Cañas agrees that distributed energy is challenging ICE’s traditional business model, noting that it’s an issue across the world, not just in Costa Rica. Moreover, she accepts that “this trend is here to stay”. However, she disagrees that ICE gets an unfair advantage. “Really the regulator needs to create new pricing mechanisms for these consumers that also produce their own electricity. When their solar panels aren’t generating any power, they rely on the grid for electricity so ultimately, they should pay towards the infrastructure that maintains the system.”
But ICE isn’t just being undercut by solar panels. Increasingly the local utilities, which have been investing in their own generation assets, are providing cheaper electricity to their customers. For example, JASEC, the electricity distribution company in Cartago, is about 10% to 15% cheaper than ICE, says Carozo. “The reason they are less expensive is they have lower overheads and run themselves more as business than a public body. About 20% of their power is self-generated, while the rest is bought from ICE. Their own production is a lot cheaper, hence their lower tariffs. Moreover, they have a project pipeline that will allow them to generate 80% of their own energy within five years. Given that the law prevents them from making profit it’s clear that costs will come down a lot over the next few years.”
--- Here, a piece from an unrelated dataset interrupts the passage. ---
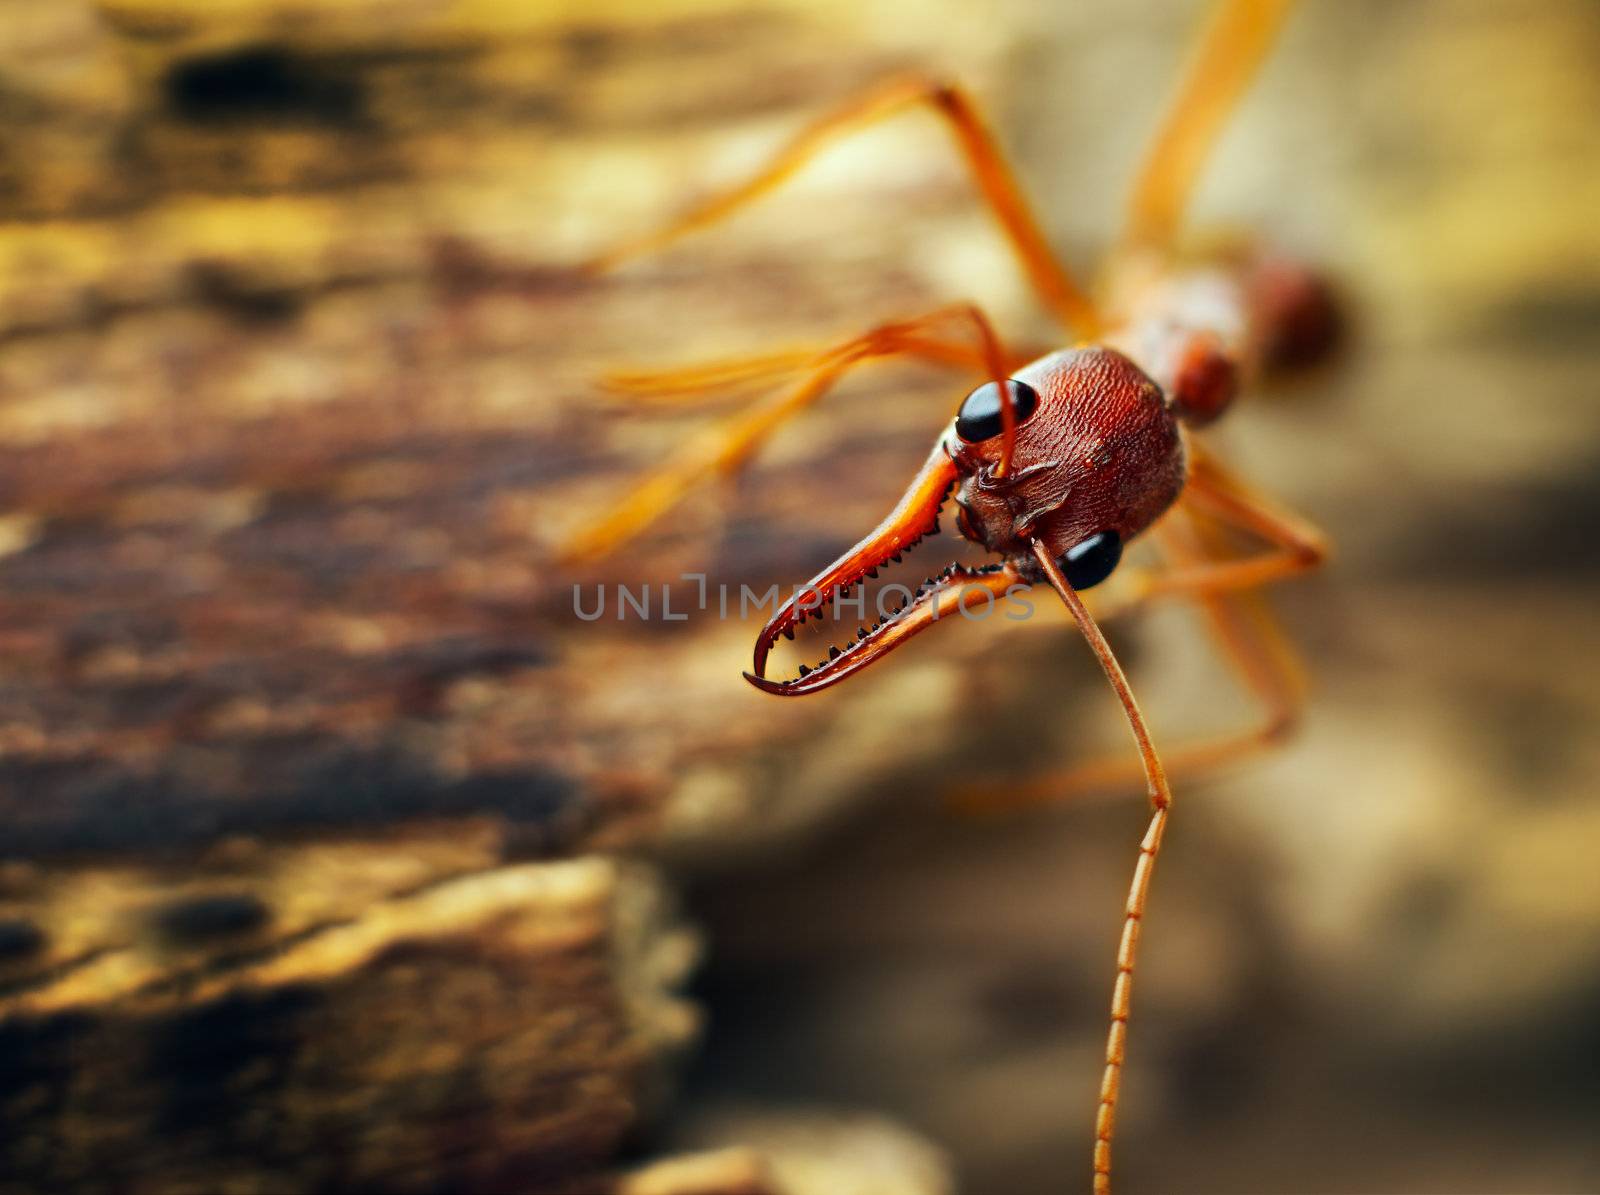 A giant bulldog ant (Myrmecia brevinoda) by Jaykayl

The challenges facing ICE seem insurmountable but Cañas believes that some analysts have been too quick to write off the group. “Lots of people see ICE as old-fashioned but actually we face this new era with many inbuilt advantages. The most important is that ICE’s two main businesses are electricity and telecommunications. Traditionally these areas have been kept separate but increasingly there are natural synergies between them. On the telecommunication side, with kölbi we have been laying fibre optic cable, improving internet speeds and processing vast amounts of data. Now these elements are becoming important in the power sector because of the emphasis on smart grids that need to process information in realtime and manage electricity supply and demand accordingly.”
Another ICE characteristic is its large scale. That’s seen by many as a disadvantage because of the overheads it brings but Cañas believes that size can be used to clean up the transport part of Costa Rica’s energy matrix. “ICE has bought 100 electric vehicles that we will use as an example to the rest of society. More importantly we are developing the charging infrastructure so that a private consumer can buy an electric car, safe in the knowledge that it won’t run out of power. We are also working with the railway entity here in Costa Rica to develop an electric train.” ICE’s size can also be used to spread Costa Rican renewable energy expertise abroad, says Cañas. “Decarbonising power supplies is now a global trend and we are world leaders in the area… there is demand for our renewable energy expertise across the region.”
Ultimately the different challenges that ICE faces are positive for Costa Rica’s power sector. Another country might be content to have the world’s greenest electricity grid but in Costa Rica competition from agile renewable companies and regional utilities is pushing ICE to innovate. The transformation will create myriad investment opportunities, from refinancing ICE’s debt to providing smart-grid technology. It’s a perfect fit for UK plc, which is strong in these areas, while contracts in Costa Rica could help British firms gain a foothold for work elsewhere in the region.